PROBLEM TO WORK ON |
What you return should be the complete data below, word for word, with no pictures in it.
Segment Start: DATA PROVIDED
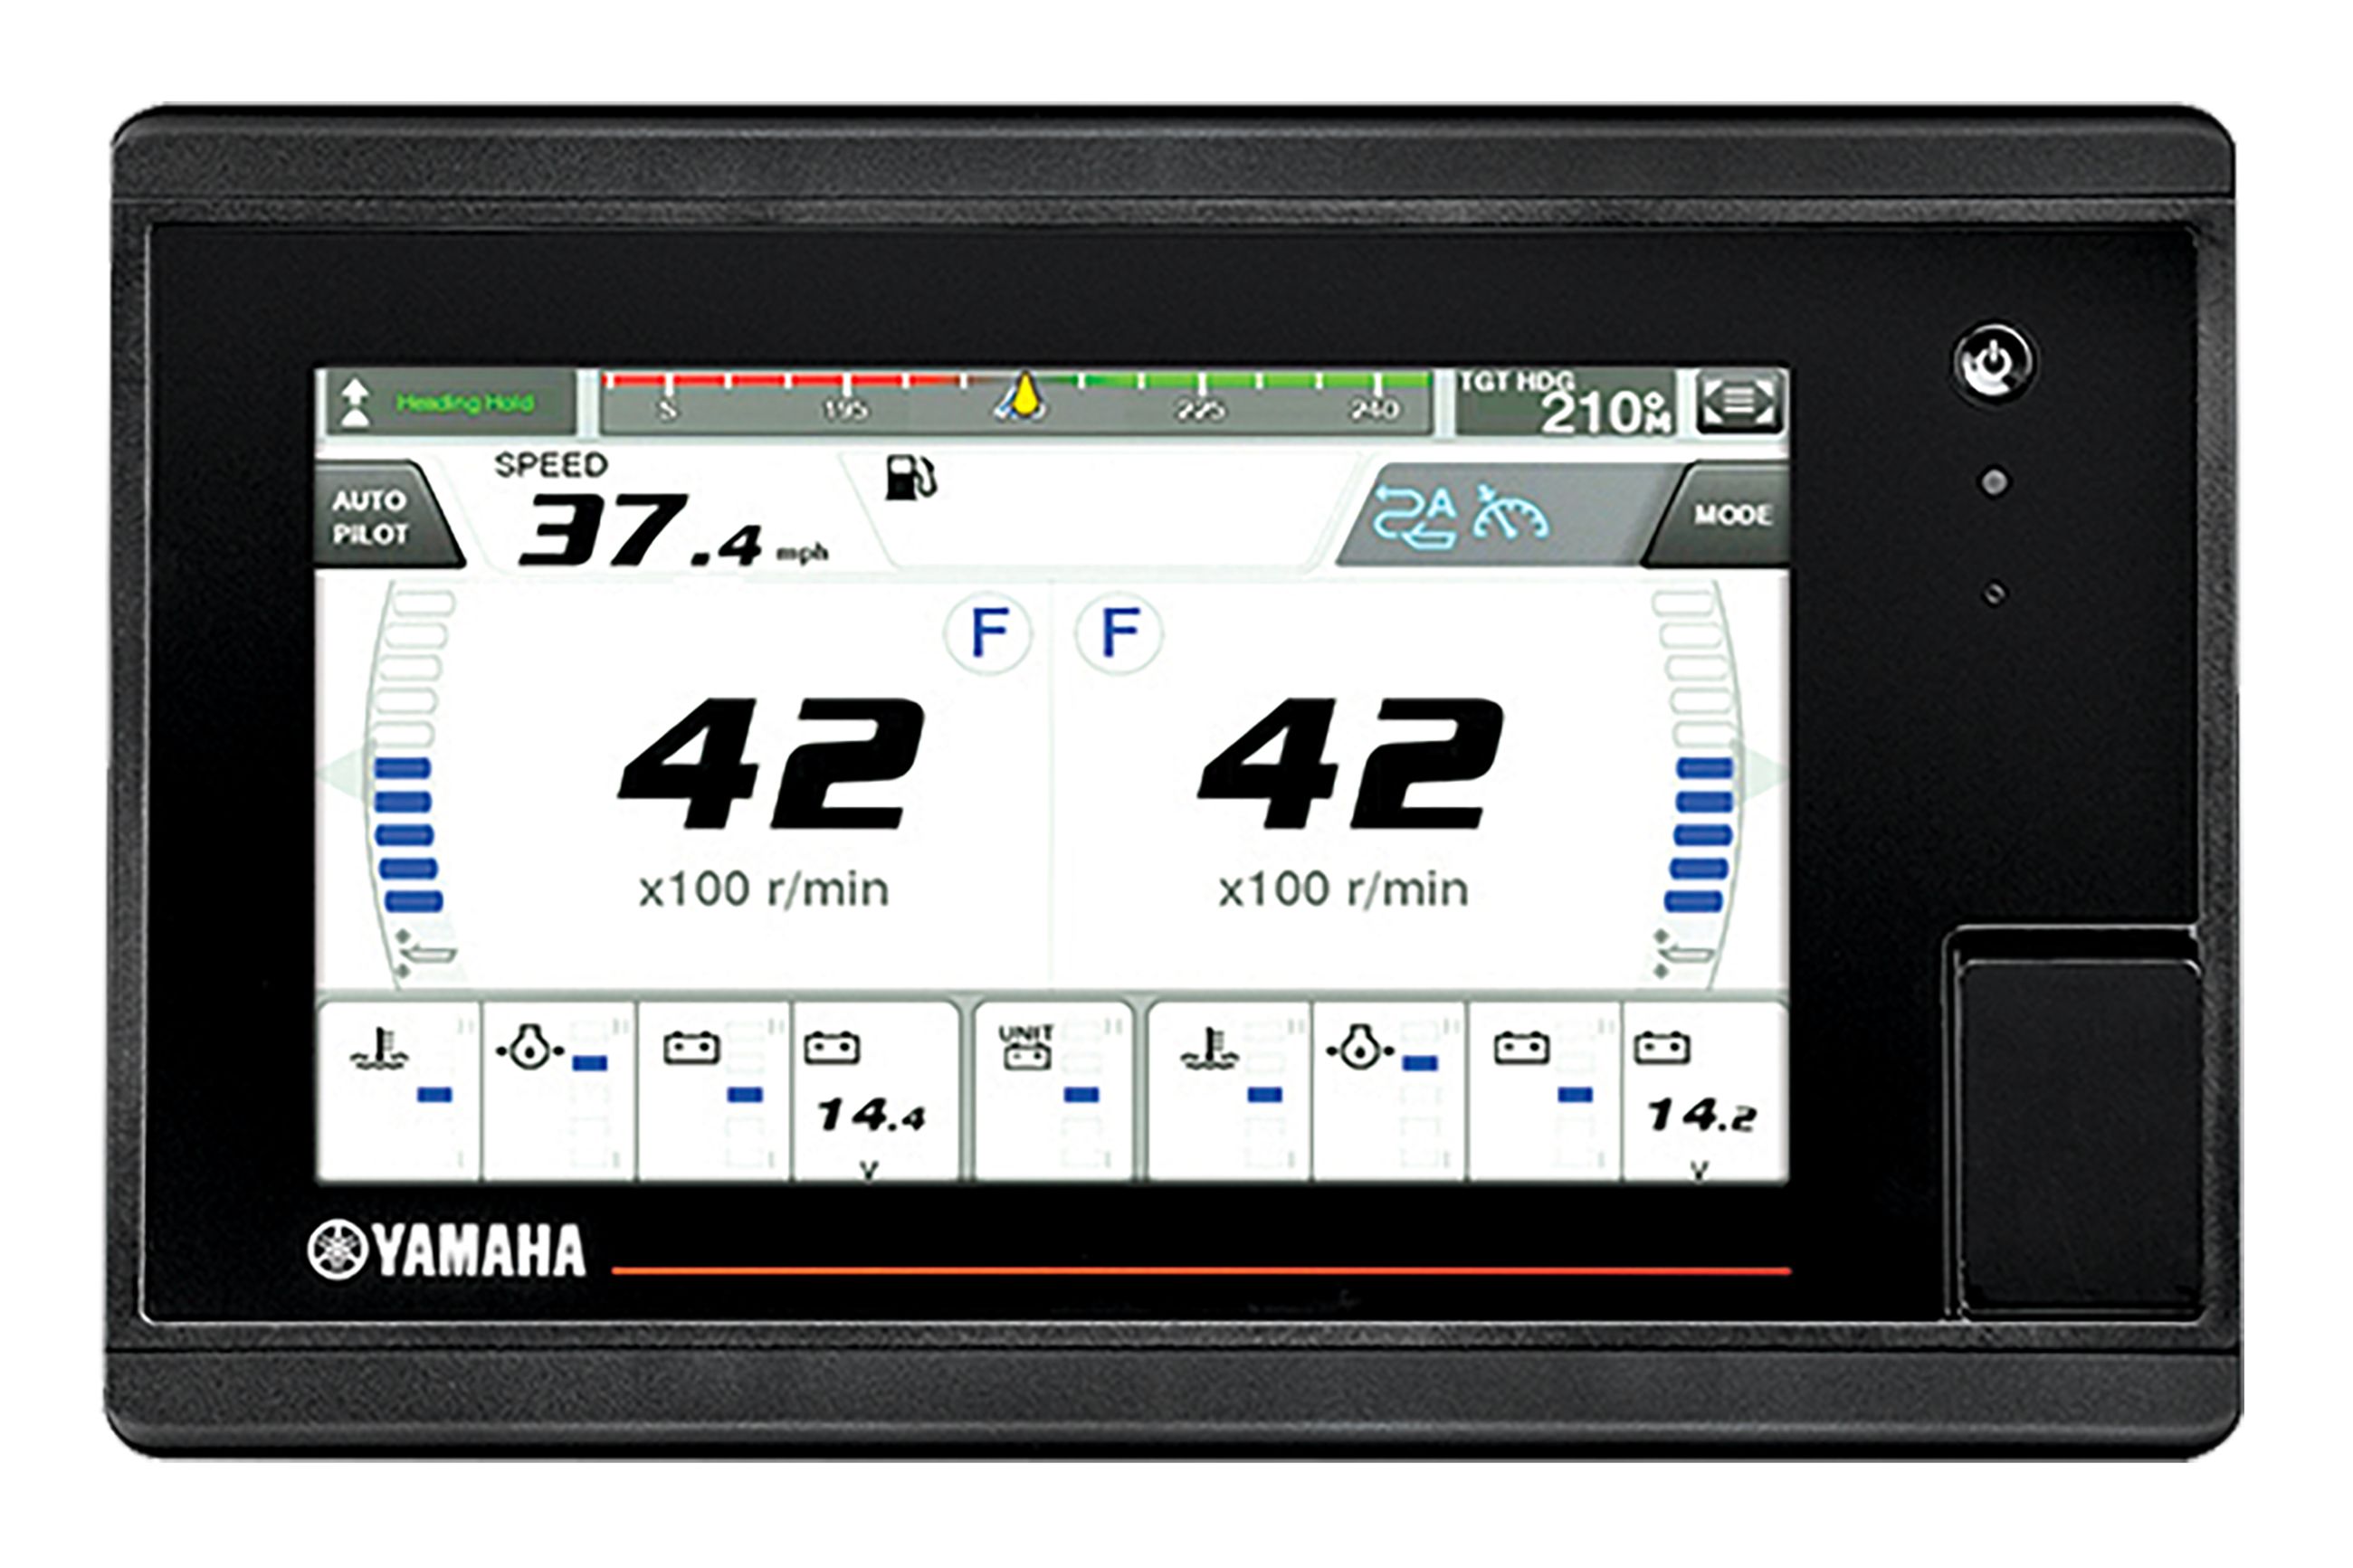 Detail image of Yamaha Command Link Plus CL7 Touchscreen Display
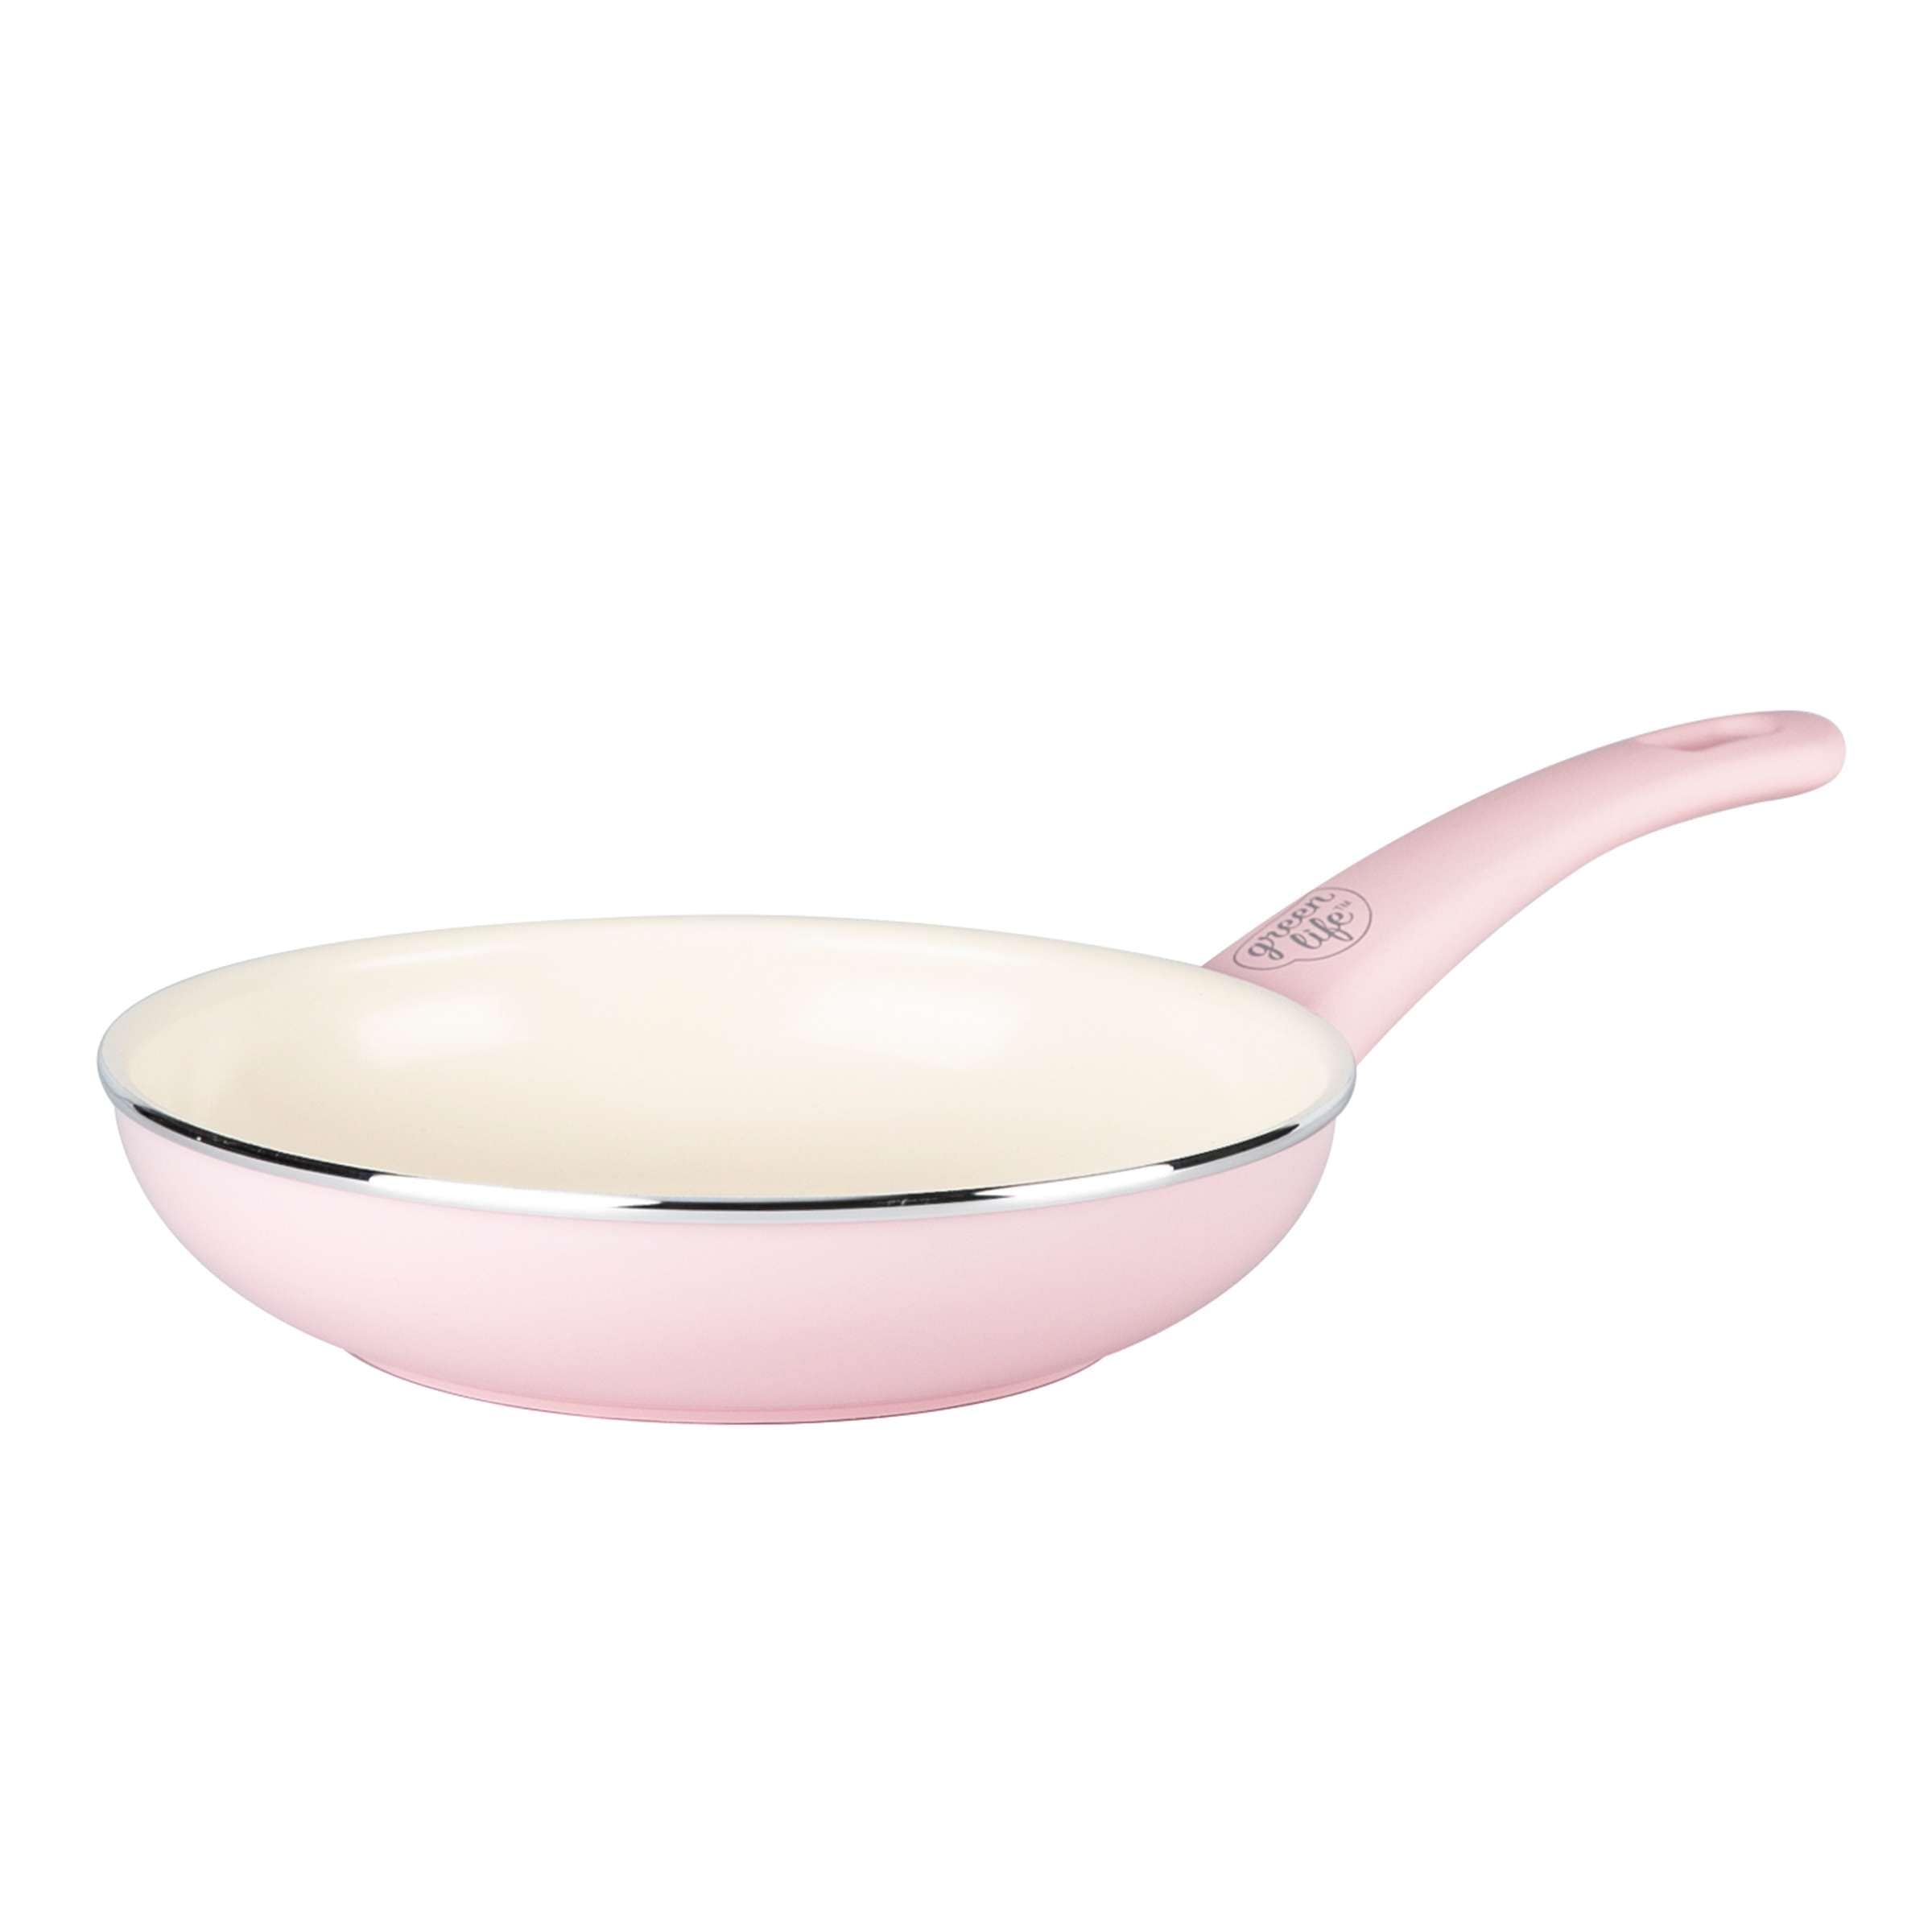 https://ak1.ostkcdn.com/images/products/is/images/direct/d036e794db0c3c7371fd12c0b2cdea8366b01b6e/GreenLife-Soft-Grip-8%22-Fry-Pan.jpg
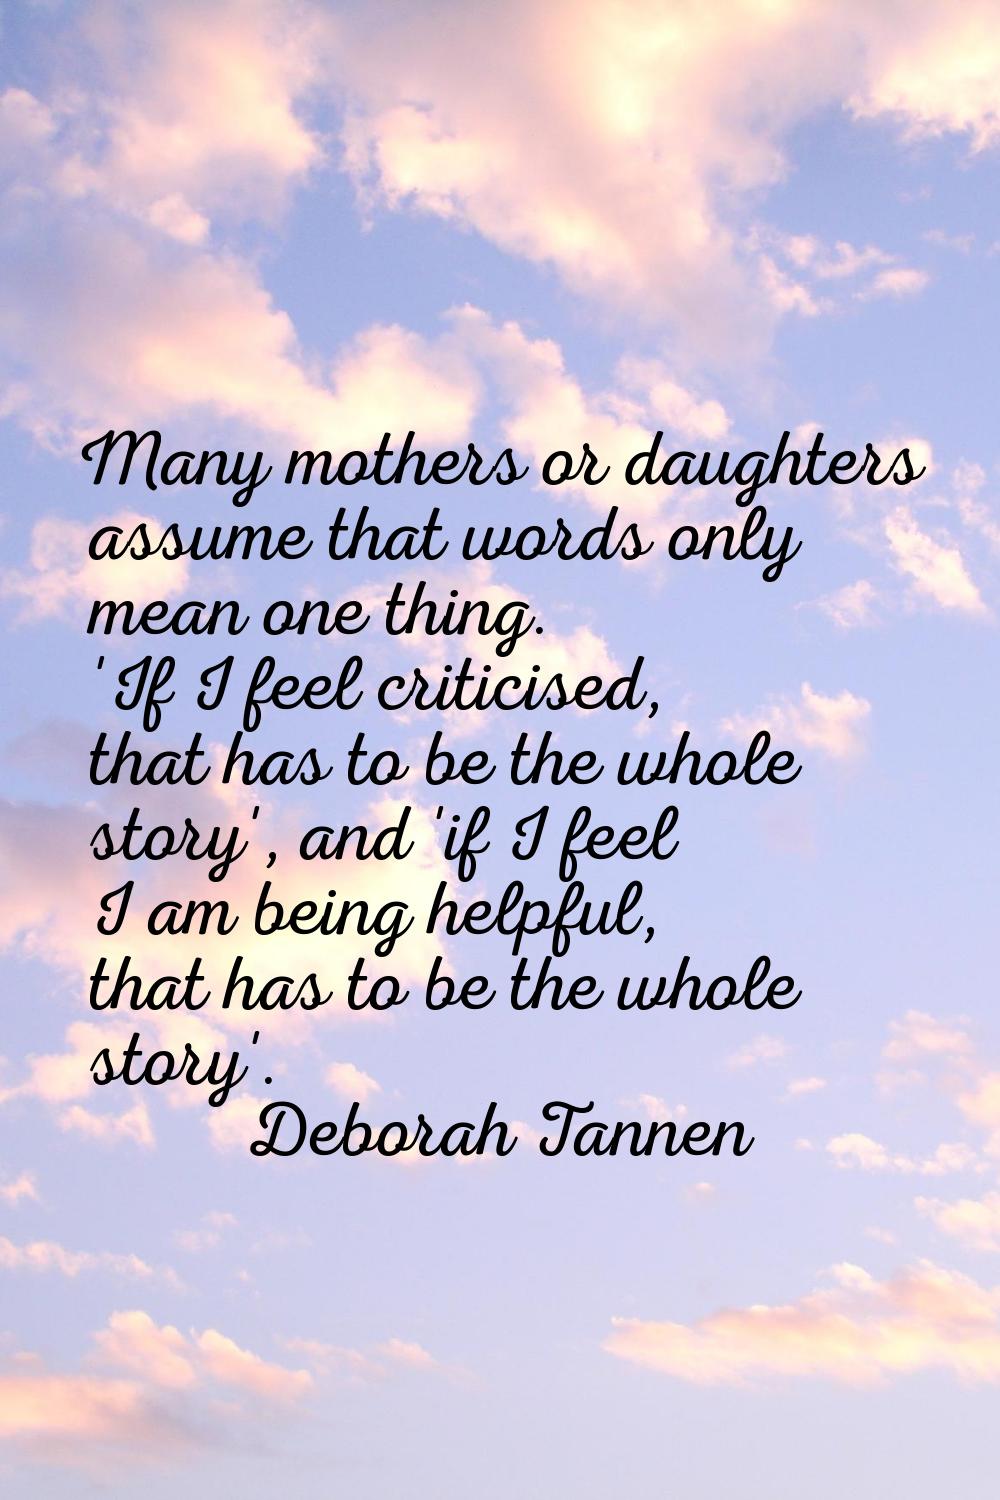 Many mothers or daughters assume that words only mean one thing. 'If I feel criticised, that has to
Segment End: DATA PROVIDED
FINISHED TASK |
 Detail image of Yamaha Command Link Plus CL7 Touchscreen Display
 https://ak1.ostkcdn.com/images/products/is/images/direct/d036e794db0c3c7371fd12c0b2cdea8366b01b6e/GreenLife-Soft-Grip-8%22-Fry-Pan.jpg
 Many mothers or daughters assume that words only mean one thing. 'If I feel criticised, that has to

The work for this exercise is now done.